Schneckereien

Eine Schnecke bin ich:
weich, schleimig, ohne Rückgrat, feucht und glitschig.
Beileibe keine, die ganz nackt ist.
Zu mir gehört ein eignes Haus,
mit Platz genug für mich und für sonst keinen –
zieh ich mich mal zurück und auch mal raus.

Von einem Punkt zur ganzen Größe sich entfaltend
ist es spiralig angemalt, mein Haus.
Von gelb bis schwarz in allen Schattierungen,
leg auf Ästhetik ich sehr großen Wert.

Ich habe Zeit.

Wo Zeit doch heut'gen Tags sehr kostbar ist.
Meine Spuren in der Welt zu hinterlassen ist mir Bedürfnis.
Und dazu braucht es nur ein wenig Schleim.
Ein Rückgrat brauch ich nicht, es schadet dem Charakter.
Durch eignes Heim ganz autonom
will ich auch weich, flexibel und sensibel sein.
Und dazu hilft mir sehr das Wasser,
das hautnah mir Geschmeidigkeit verleiht.
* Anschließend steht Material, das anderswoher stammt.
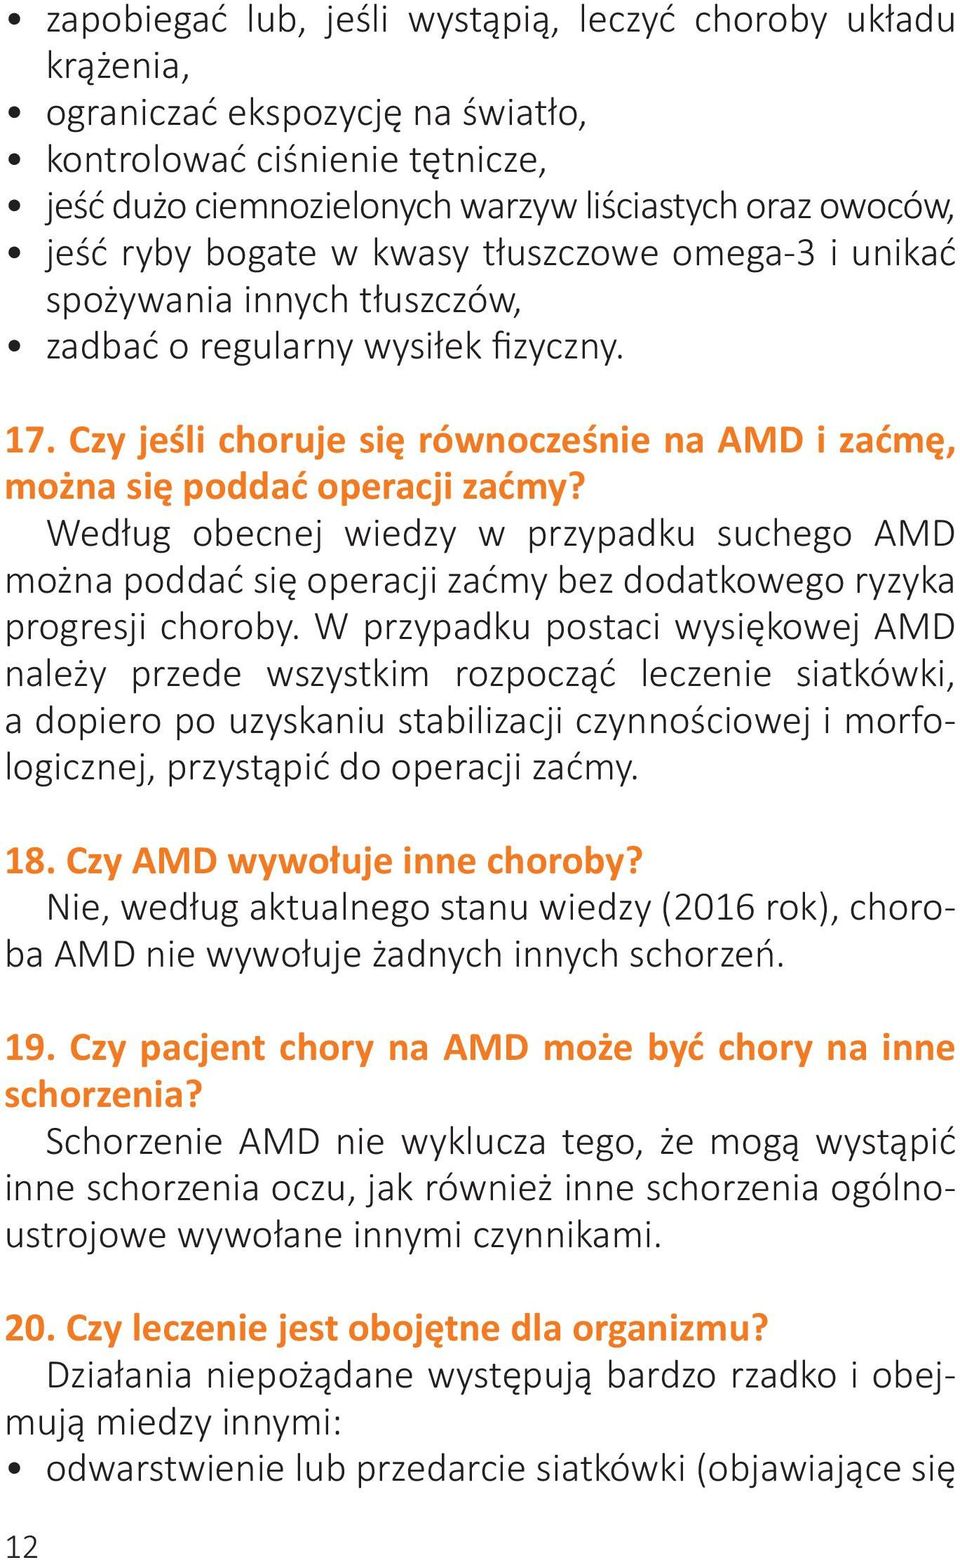 Według obecnej wiedzy w przypadku suchego AMD można poddać się operacji zaćmy bez dodatkowego ryzyka progresji choroby.

Manchmal – so sag ich's frei –
kommt Paarungslust so über mich.
Dann streck ich meine Fühler aus,
auf denen Augen sich befinden und schaue,
ob ein Schneckenhengst nicht grade in der Nähe weilt.

Und wenn dann Schleim mit Schleim sich lustvoll tut verbinden,
gelingt mir wohl ein kleiner Schneckensprung.
Doch in mein Haus zieht er nicht ein –
getrennte Wohnung ist auch sein Prinzip.

So ziehen wir gemeinsm eine Zeit lang unsere Spur.
Verleben Glück in herrlichem Salat;
vermeiden Wesen, die uns drohen zu vernichten
und wissen uns vor Hitze und praller Sonne wohl zu schützen.

Und kriechen weg und sind schon da und immer gleich zu Haus
und fühlen, tasten, hart und weich und schnick und schnack
und kriechen rein und kriechen raus,
bis dann das Leben irgendwann zu Ende ist.

Und hart geworden, eingetrocknet
nur noch ein Schneckenhaus am Waldrand übrig bleibt.
Ein Mensch steckt's in die Tasche, vergisst es dort
und wirft es irgendwann zerbröselt fort.

Und auch die Schleimspur schwindet hin.
In diesem Falle – so ist es üblich –
fragt Mensch sich nach Zweck und Lebenssinn.